Work instructions
A faithful copy of the data below is required, leaving out every picture.

Dataset excerpt

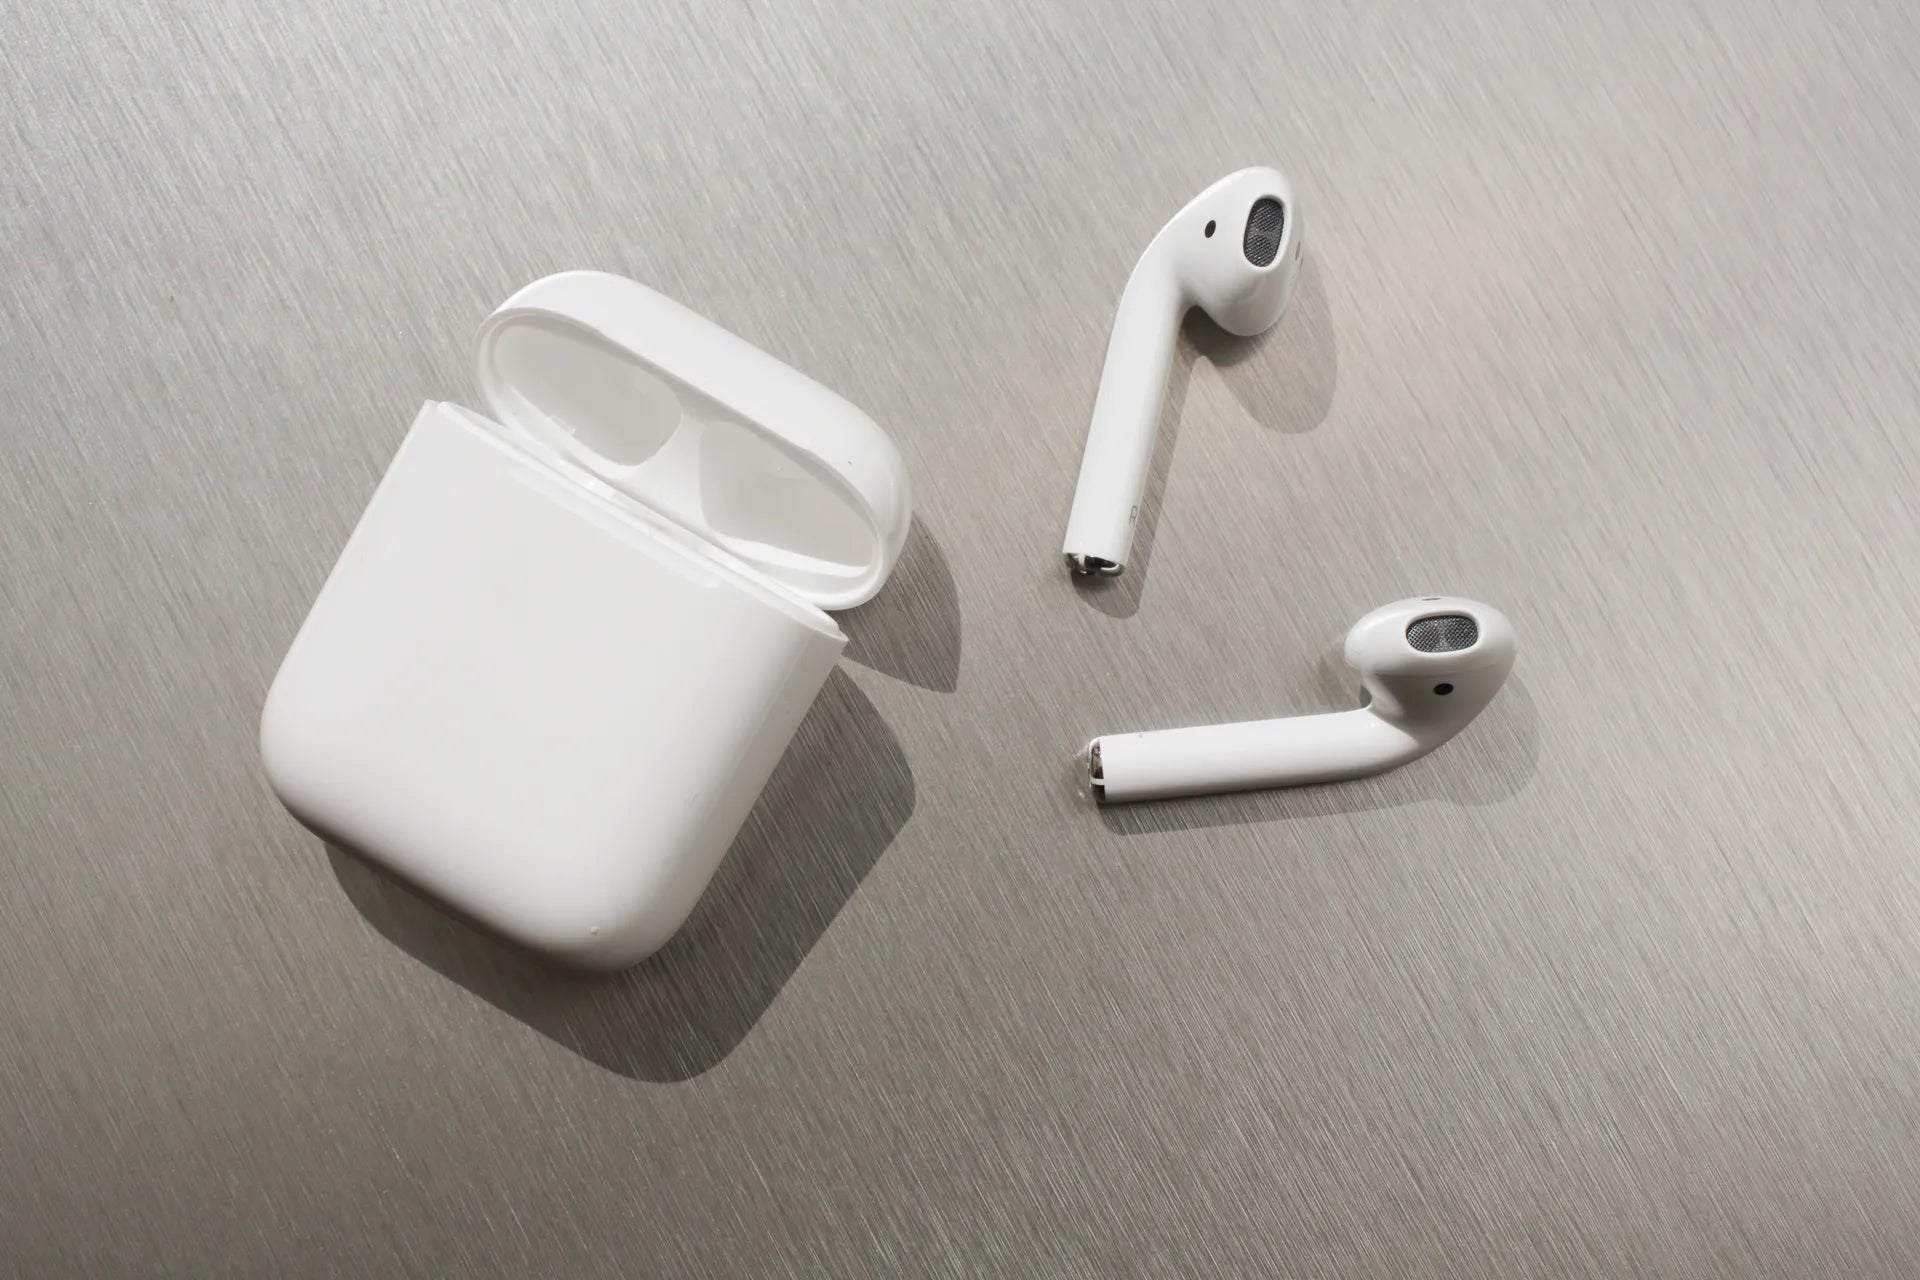 Airpods top 10 holiday gift ideas for her
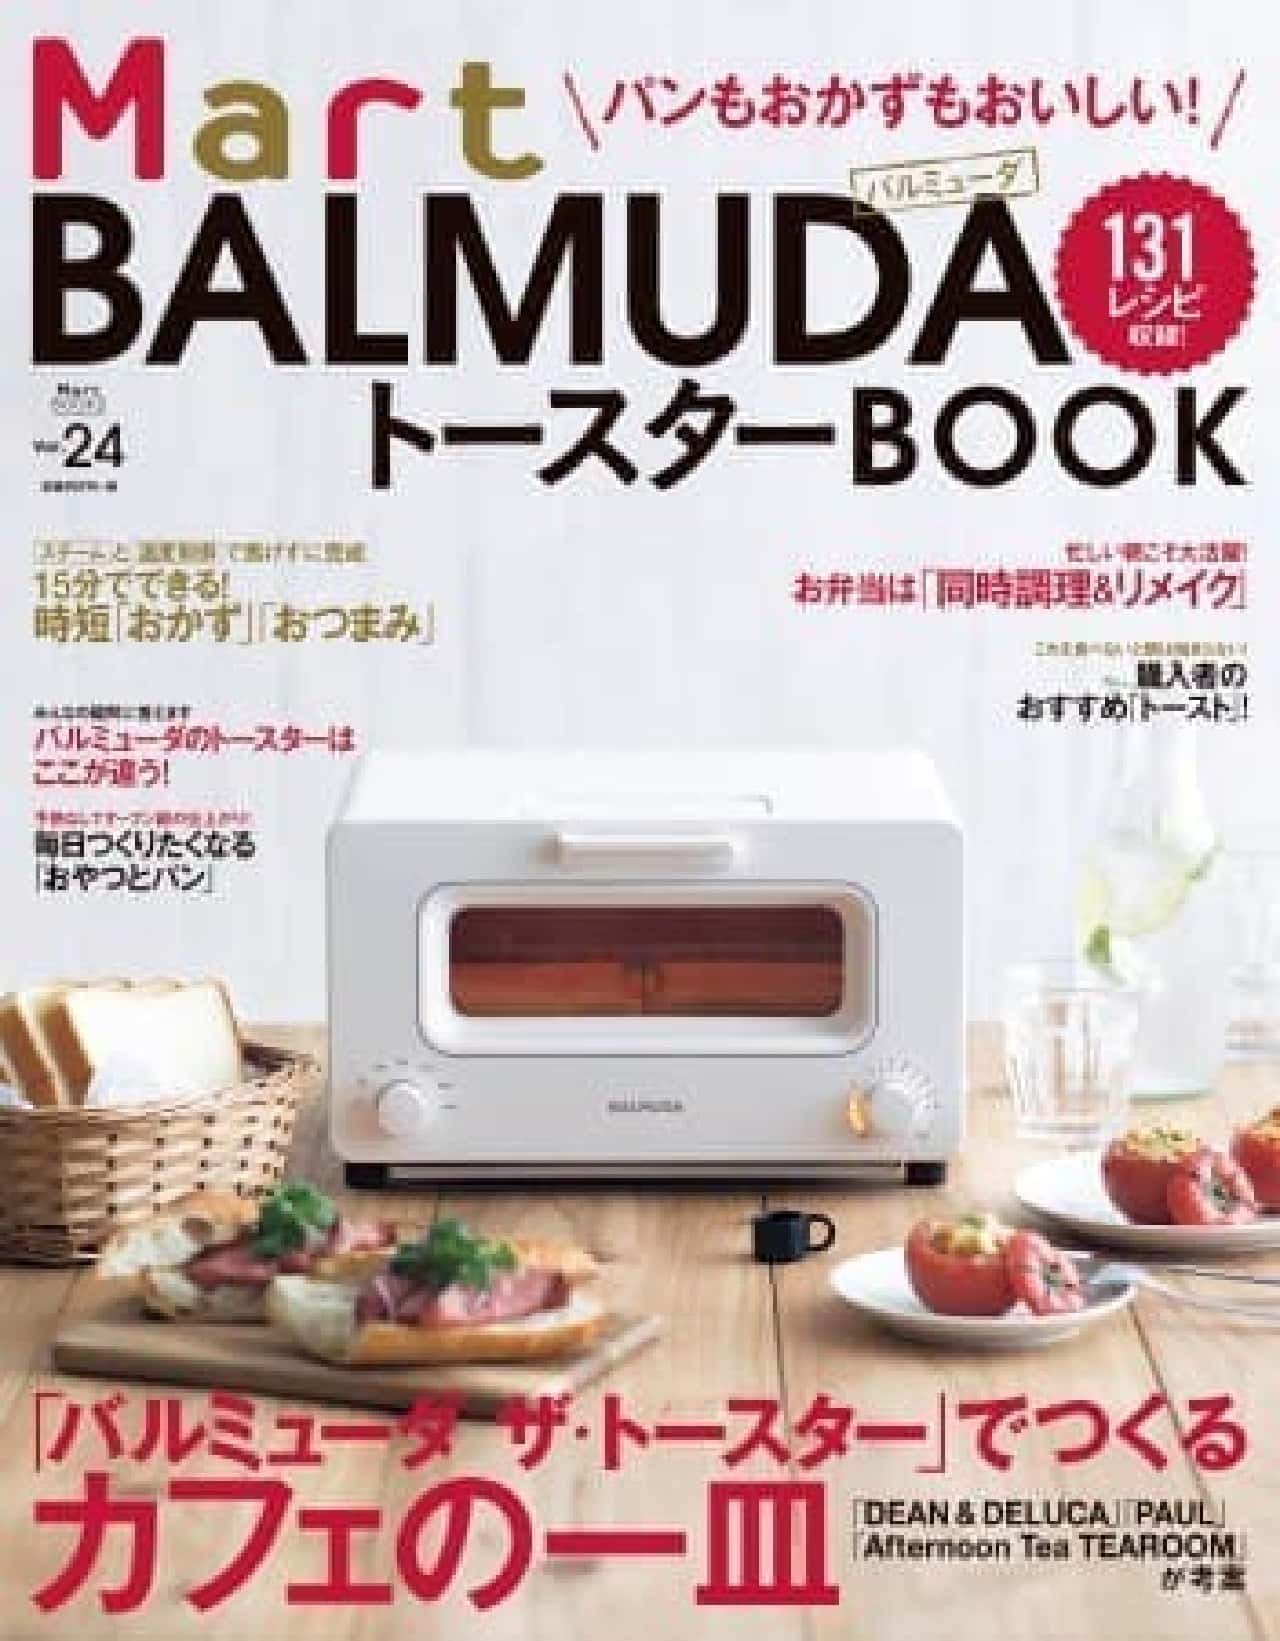 Easy bread and side dishes--Recipes for "Balmuda The Toaster" from Mart
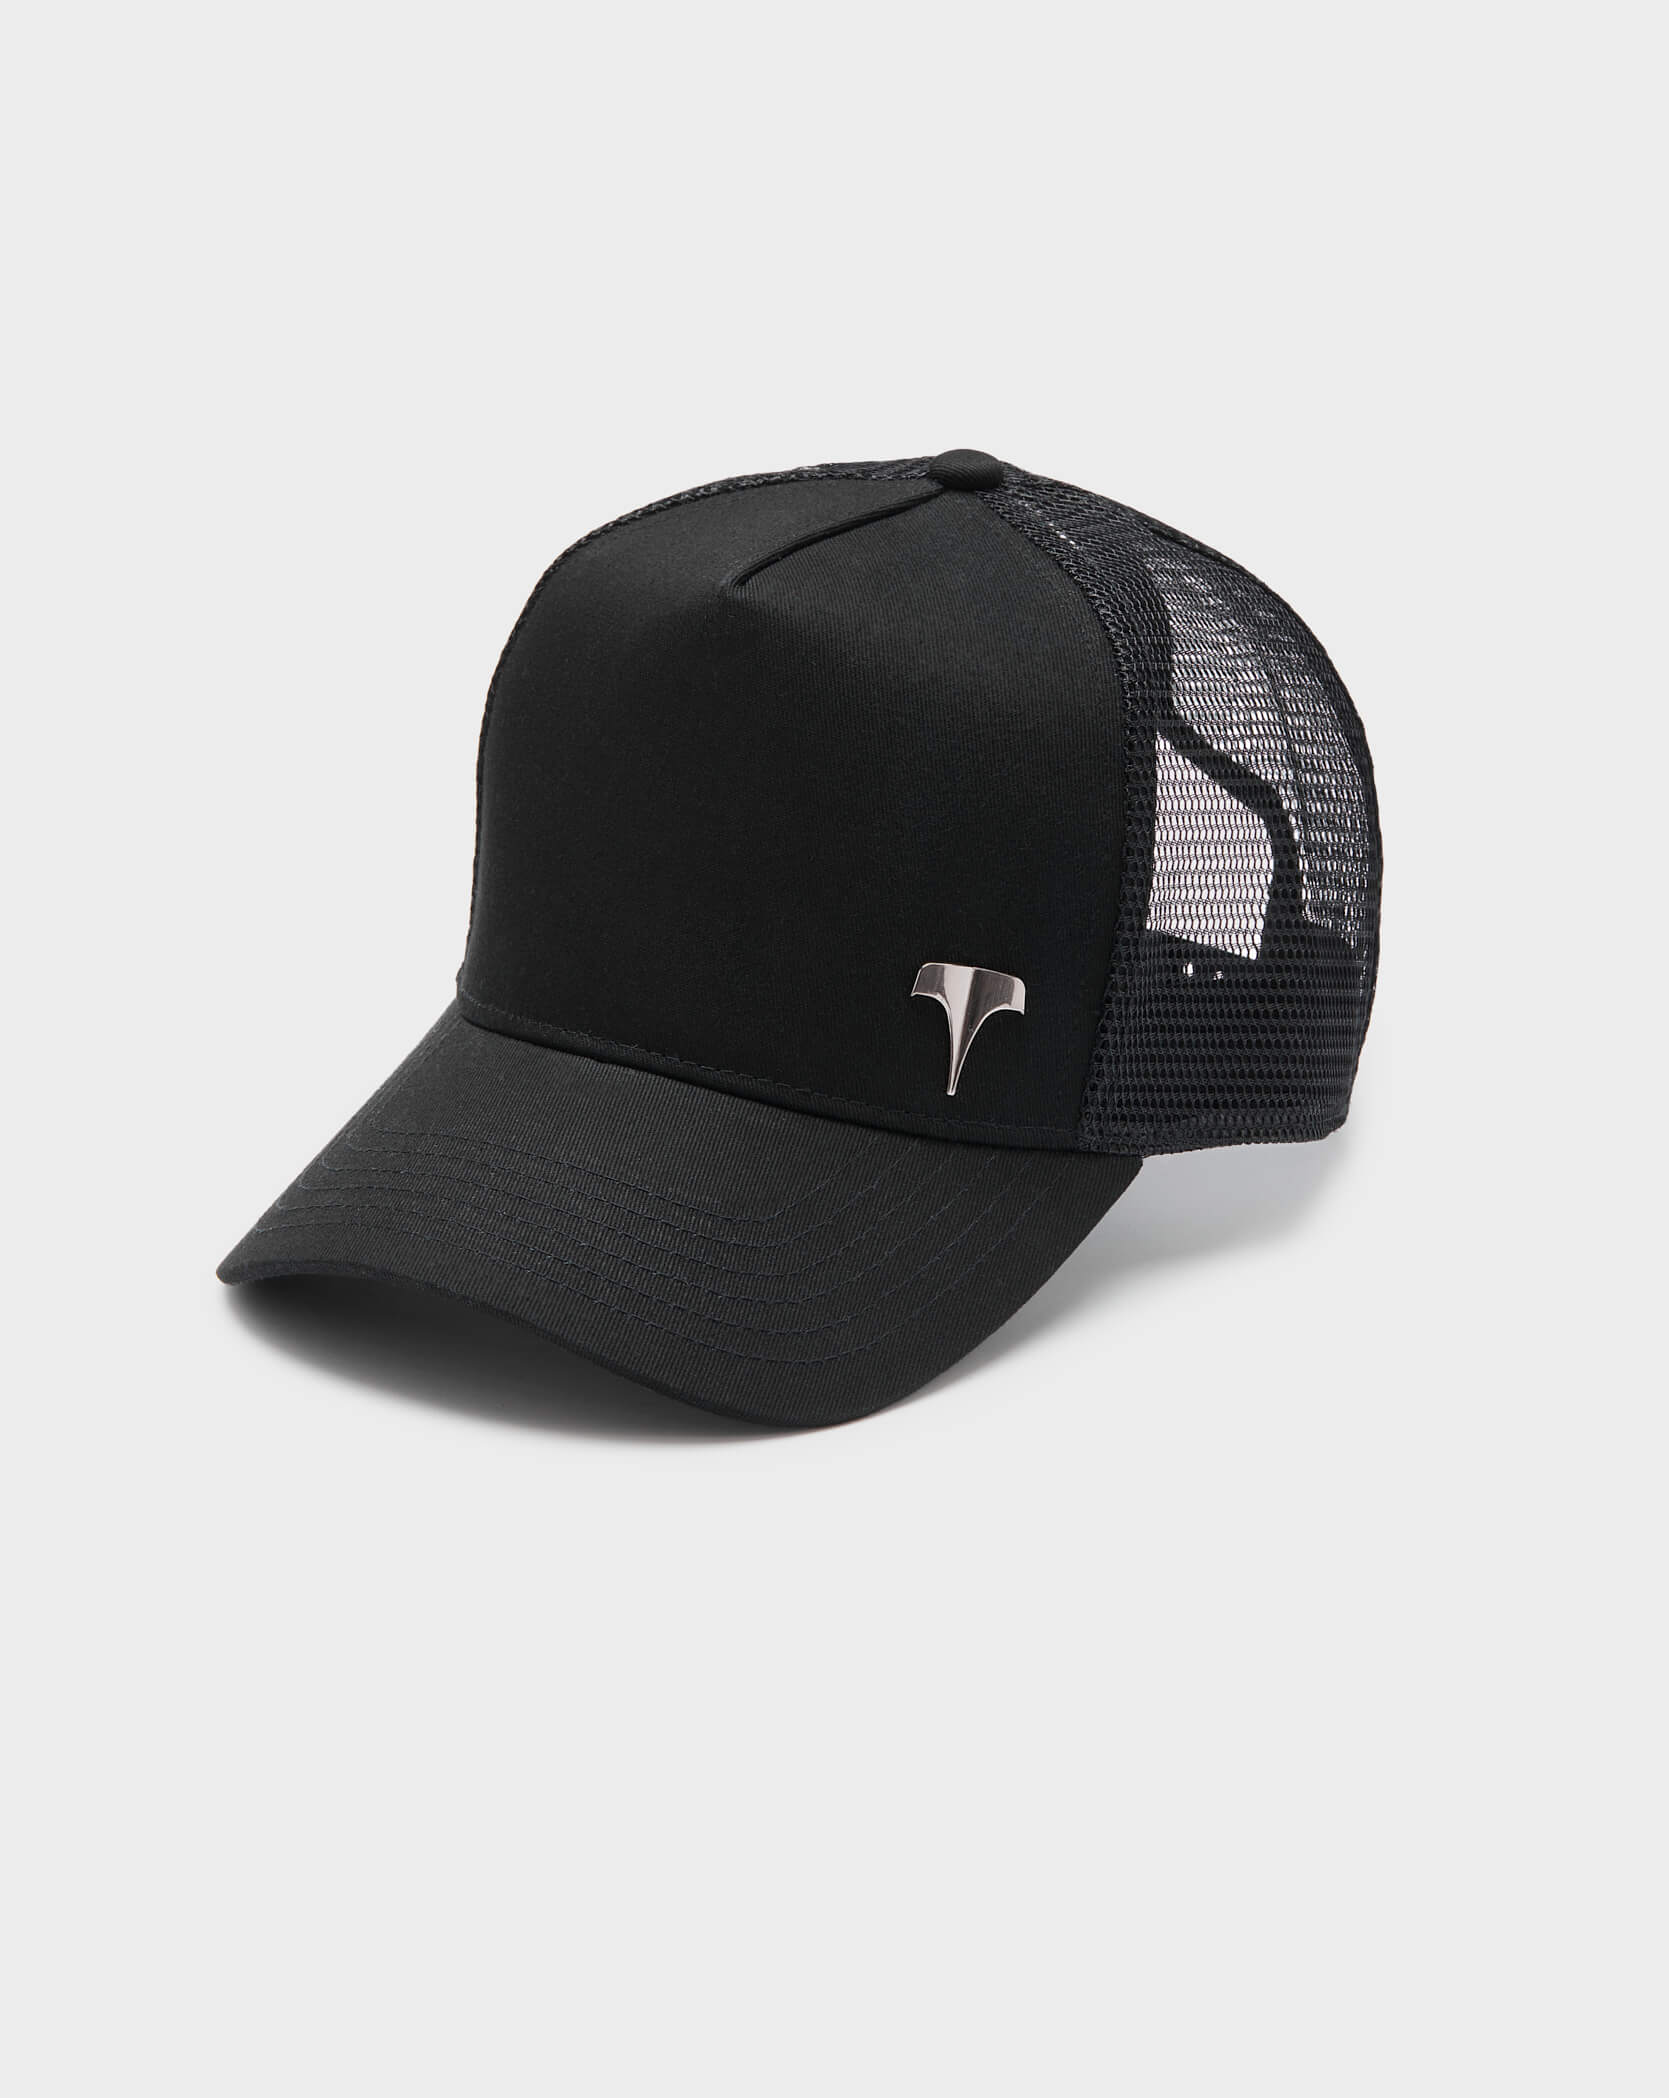 Twinzz black trucker cap with small silver logo

Response to this task
 Airpods top 10 holiday gift ideas for her
 Easy bread and side dishes--Recipes for "Balmuda The Toaster" from Mart
 Twinzz black trucker cap with small silver logo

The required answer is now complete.